One saying, "Treating the head in case of headache and the feet in case of foot-ache" refers not only to sub-par doctors but also ineffective problem-solving without tracing the root causes.

Many Chinese cancer patients are living comparatively fulfilling lives after TCM treatment, despite being declared terminally ill by Western-style hospitals. And the saying, "treat not the tumor after seeing a tumor", reflects the holistic perception of TCM which upholds the principle of diagnosis and treatment on the basis of differentiating symptoms from a person's overall condition.

What is common sense for ordinary Chinese is not excluded from the acceptance of experts and professionals in the West as long as they free their minds of skepticism and prejudice.
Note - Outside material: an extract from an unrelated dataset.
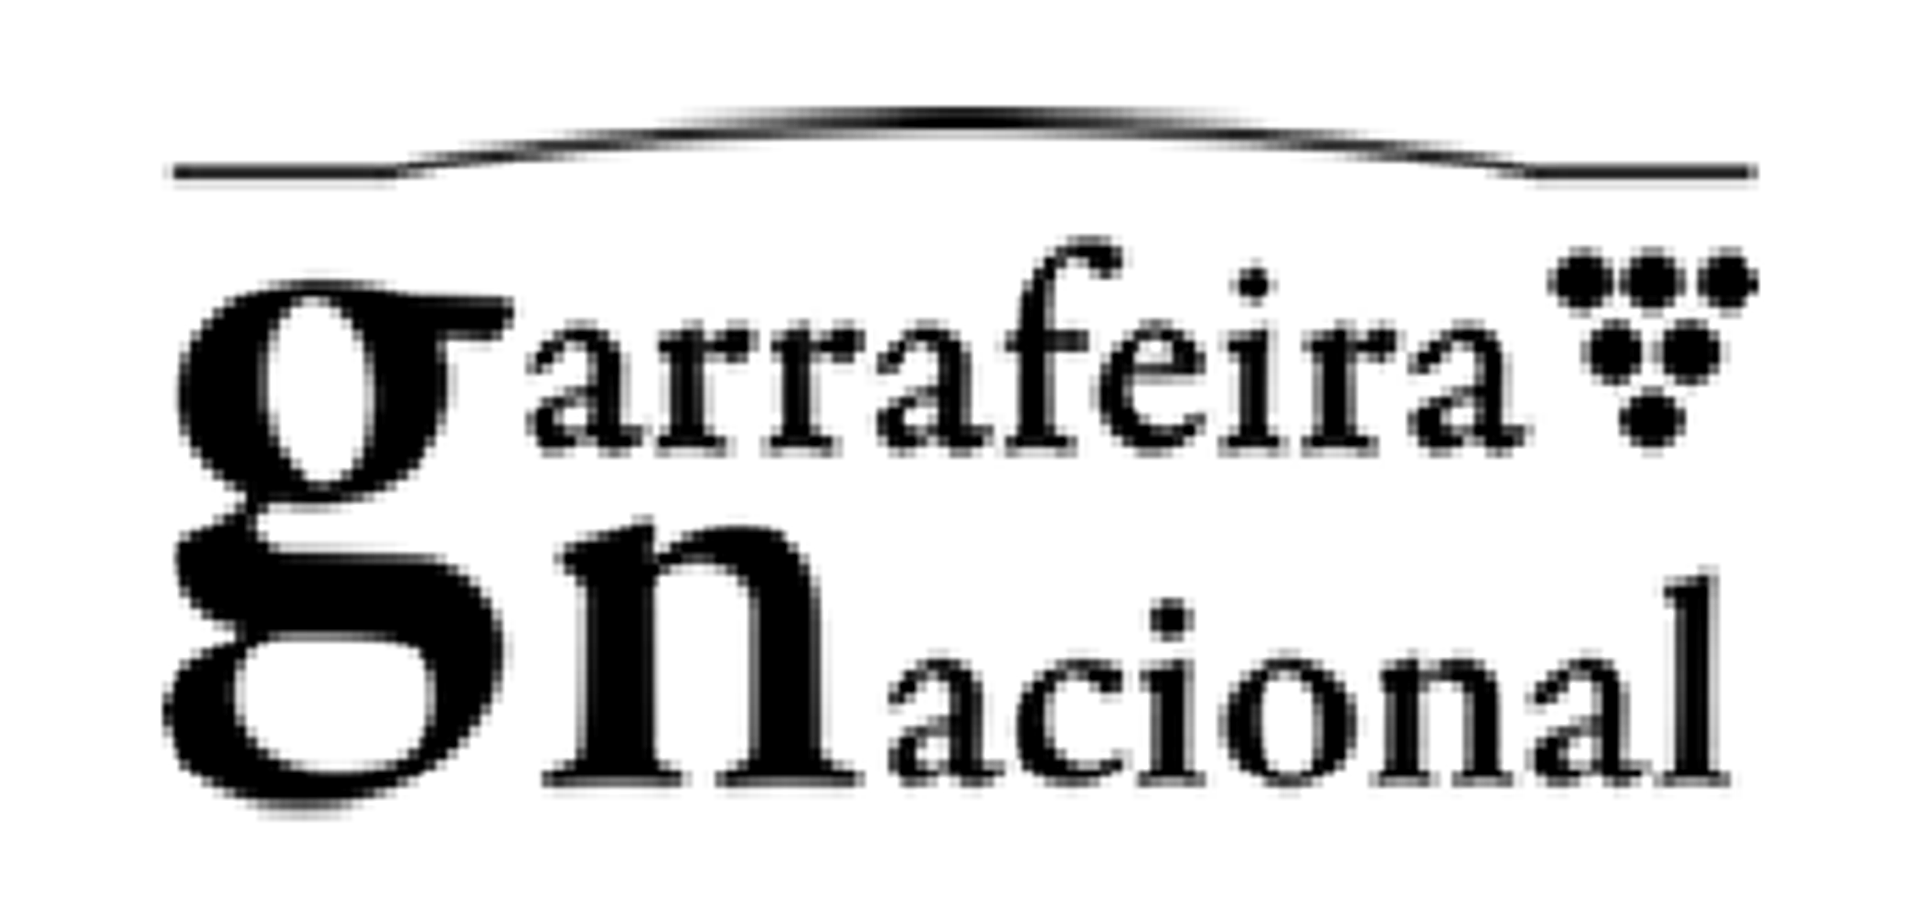 GARRAFEIRA NACIONAL logo de folhetos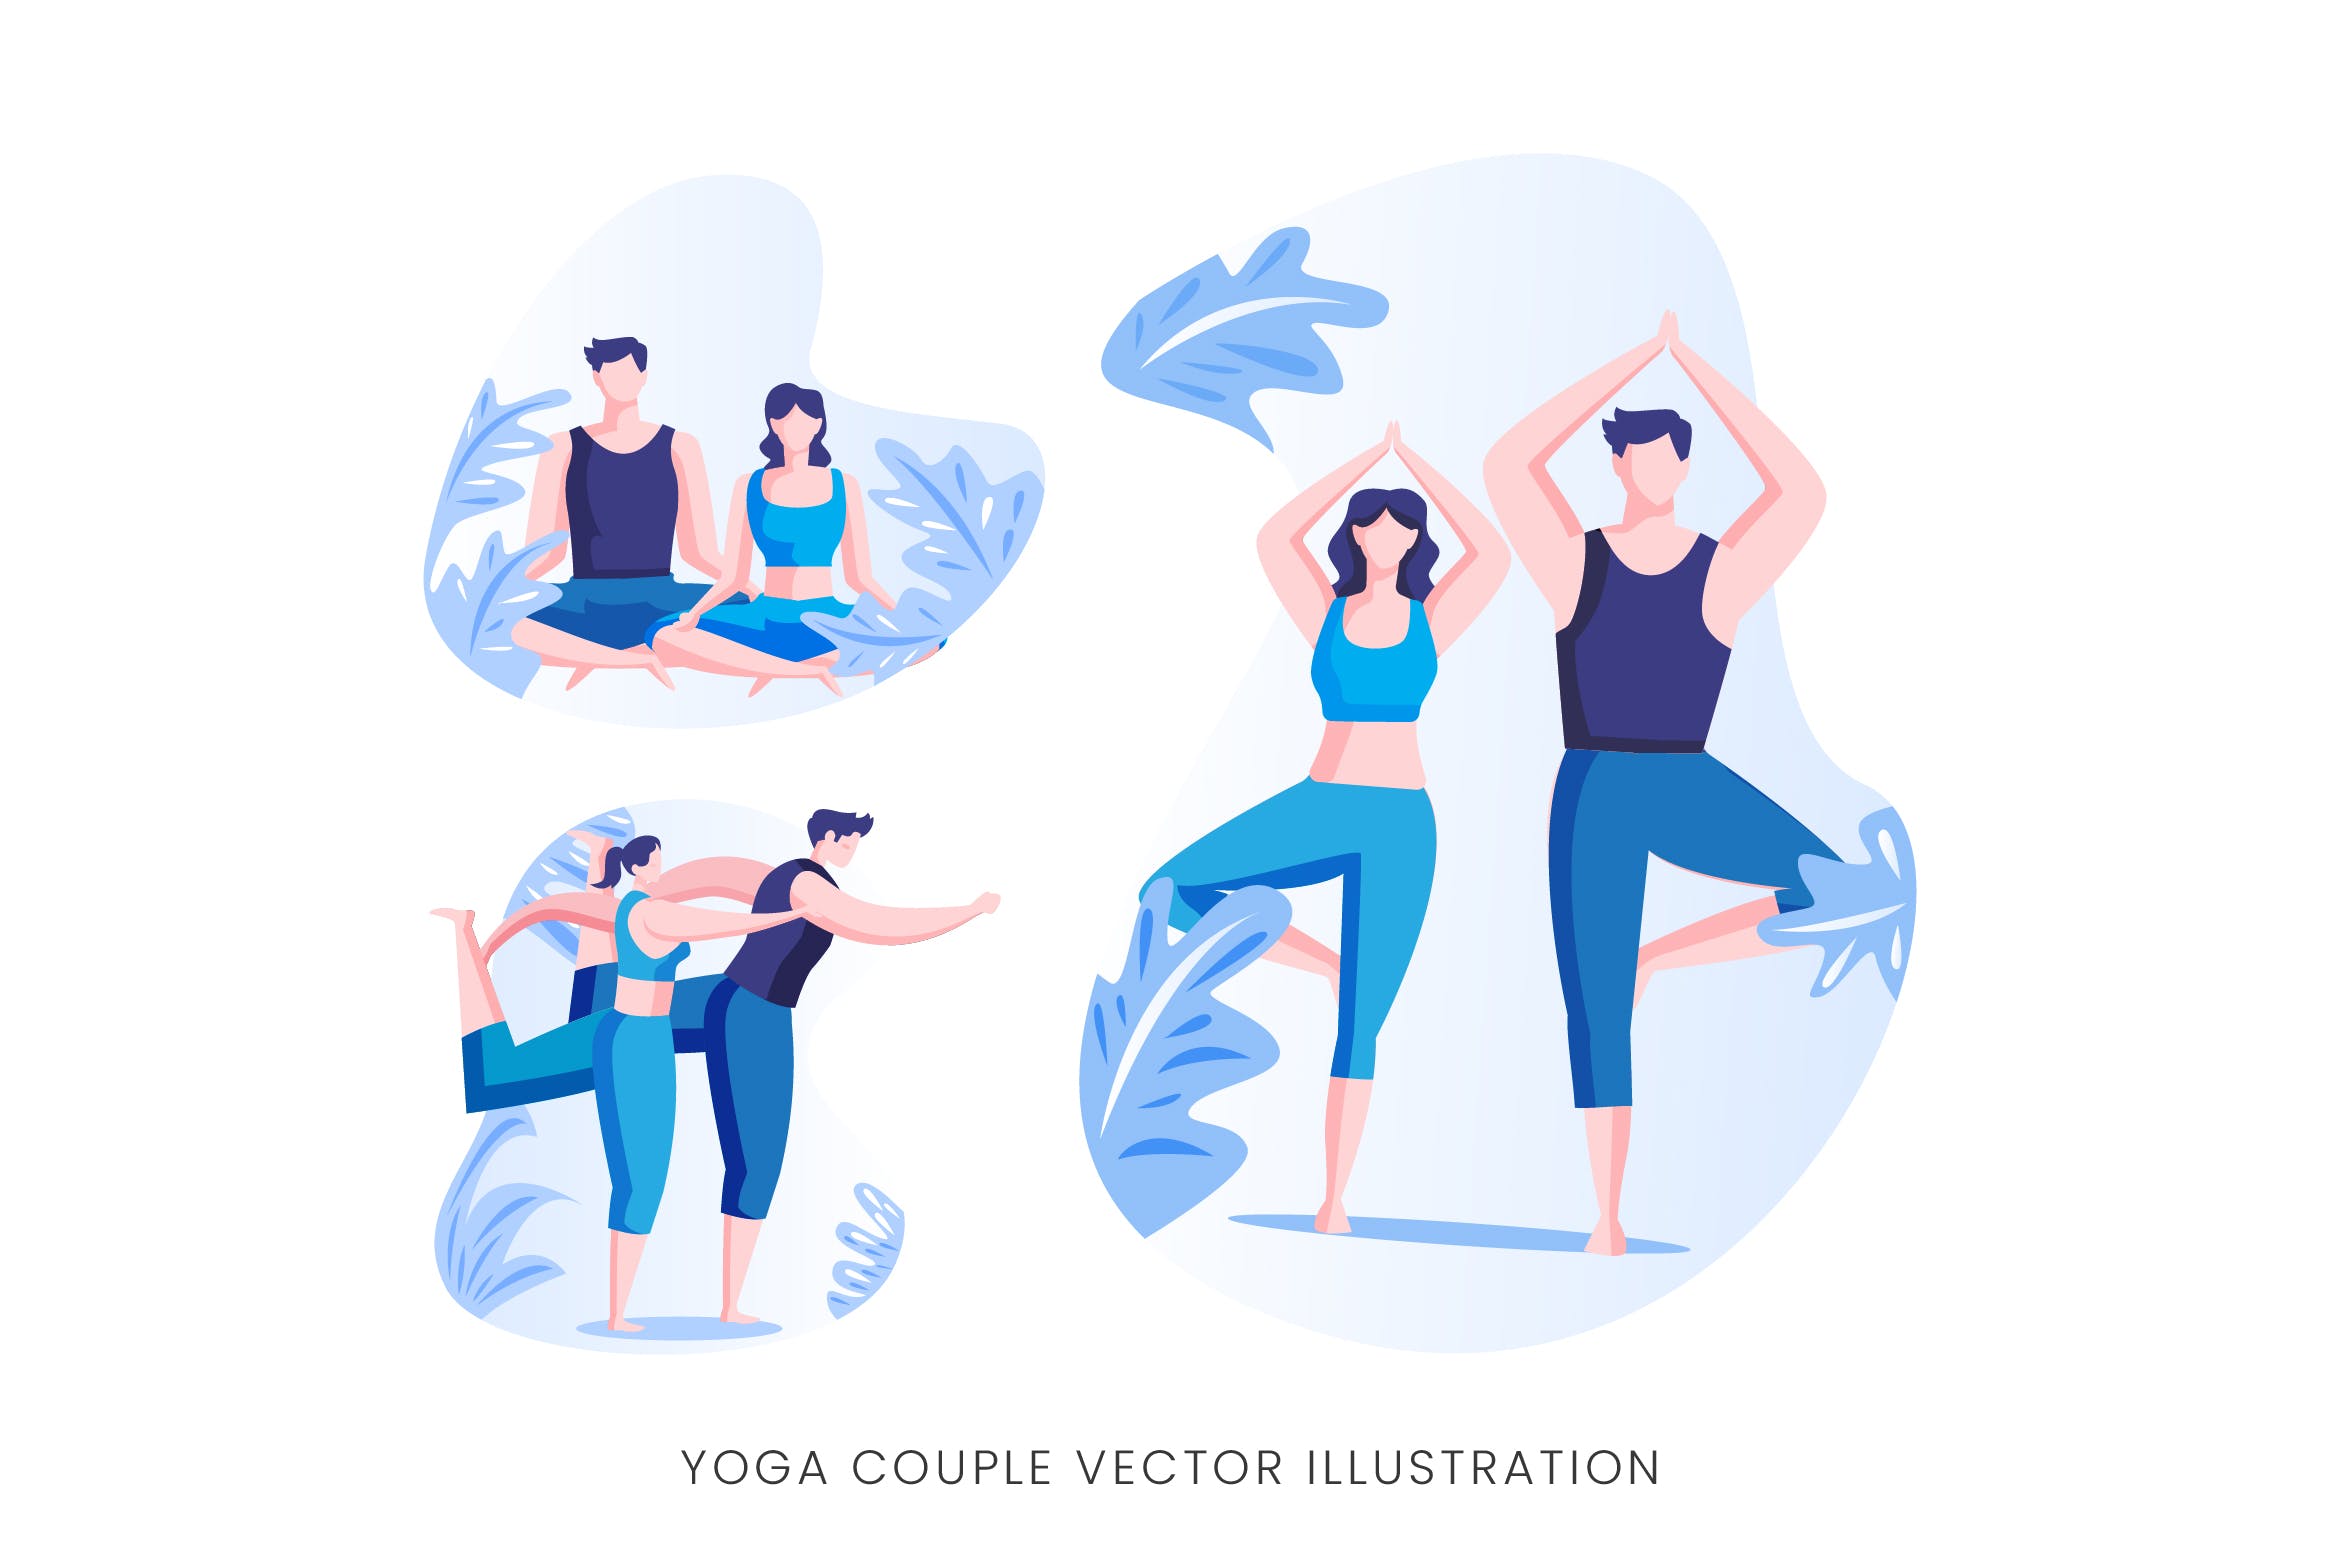 瑜珈情侣人物形象矢量手绘16设计网精选设计素材 Yoga Couple Vector Character Set插图

The differences in approaches are fundamental. In the West, the term health often means bodily statistics within a normal range, but in TCM it means the sustainable condition of a healthy human body.

Western medicine believes in using surgery and chemical or biological compounds to remove and eliminate abnormal symptoms, the very target of its approach.

TCM takes the healthy body as a balanced and well-coordinated whole, not only among its own parts but also with the living environment. In this sense the human body may be seen as a supercomputer with the body parts as the hardware and the jingluo cycles as its operational software, all powered and orchestrated by the circulation of blood and qi (life energy force) through the body. In treating sickness, TCM tends to cultivate and stimulate the circulations of blood and qi, so that the body revives its own energy for the inner physic systems to self-repair and recuperate.

When the gums flare up, Western-style dentists usually diagnose and handle it as gingivitis or periodontitis. Yet a TCM doctor may see it as related to a problem with the large intestine, and further with the poor circulation of the body's blood and qi.

It is common to see elderly patients take home dozens of kinds of medicine for multiple diseases from several hospital divisions after a Western-style check-up and treatment. Yet a TCM doctor will likely prescribe a certain compound of herbs for all the symptoms with minor adjustments later depending on the changes in a patient's condition.

The approaches and methods of TCM may seem strange to many in the Western world; but the de facto primer of TCM, The Inner Classic of the Yellow Emperor (Huangdi Neijing), was written thousands of years ago, long before the establishment of many fields of Western medicine. The TCM methods thus derived have proven feasible and effective and deserve global reflections on their more widespread use.

Once checked closely without distorted lenses, TCM is easily accessible, ready to welcome outsiders, pleasant to apply and generous in its rewards to both health and the industry.

The author, Wen Zongduo, is a writer with China Daily.